Example of interest point detection

The code block below is an overview of how I detect corners using the Harris corner detection algorithm. It uses the algorithm laid out in Szeliski 4.1.1 and the equation har = det(A) - a*trace(A)^2 for measuring each pixel's "cornerness". Alpha, a in the equation, was kept at 0.06 as suggested in Szeliski 4.1.1. Non-maximum suppression is performed with a sliding window and a max function utilizing colfilt.
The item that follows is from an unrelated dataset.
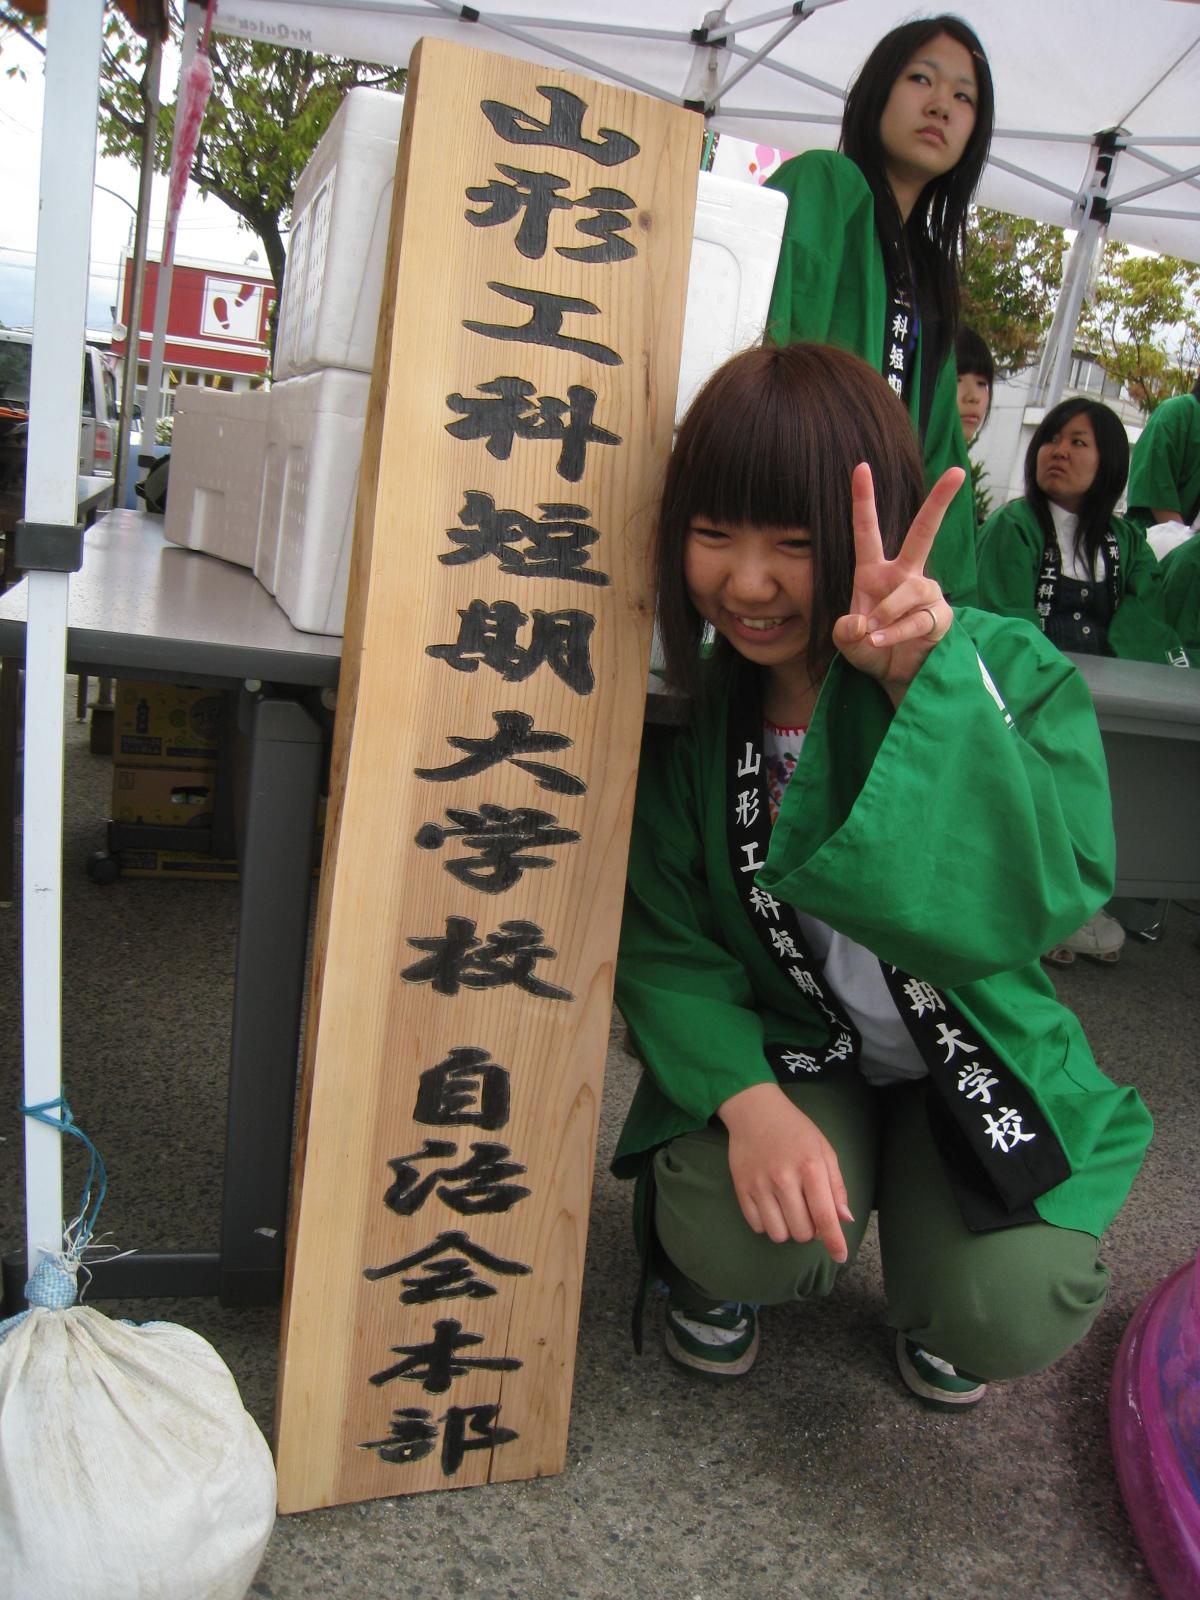 高知県建設職業能力開発短期大学校

To avoid tricky border logic for getting feature patches, I decided to border the image with zeros after the har matrix was found. Lastly, the threshold was determined to take the first 15,000 points with the highest cornerness score. In the below block, extraneous lines of code were removed for readability.

% get_interest_points
% get gradients in x and y directions
[Ix, Iy] = imgradientxy(imfilter(image, small_gaussian));

% get second moment of image gradients
Ix2 = imfilter(Ix .^ 2, large_gaussian);
IxIy = imfilter(Ix .* Iy, large_gaussian);
Iy2 = imfilter(Iy .^ 2, large_gaussian);

% find cornerness values
A = [Ix2, IxIy; IxIy, Iy2];
alpha = 0.06;
har = det(A) - alpha * trace(A) .^ 2;

% non maximum suppression
har = colfilt(har, [feature_width / 4, feature_width / 4], 'sliding', @max);

% get corners which exceed some threshold
[y, x] = ind2sub(size(har), find(har >= threshold));

Examples of matching results

Above are different examples of image matching pairs. The first displays a different evaluted view of the Notre Dame pair, connecting the matched features. You can easily view where pairs of features were misaligned. The second row shows two images of Mount Rushmore along with its most confident feature matches. With the same threshold as Notre Dame, only 40 matches were found at 100% accuracy. The third row is two different images of Episcopal Gaudi. This pair is challenging for several reason and as a result it had the worst accuracy at 1% of 100 matches. I hypothesize the poor performance is due to the difference in scale and illumination. The left image is smaller and was taken on a cloudier day than the right one. After reviewing the matches, I believe more than 1 were a proper match but were not evaluated as such. The last row is an arrowed view of Episcopal Gaudi, showing the mess of matches detected.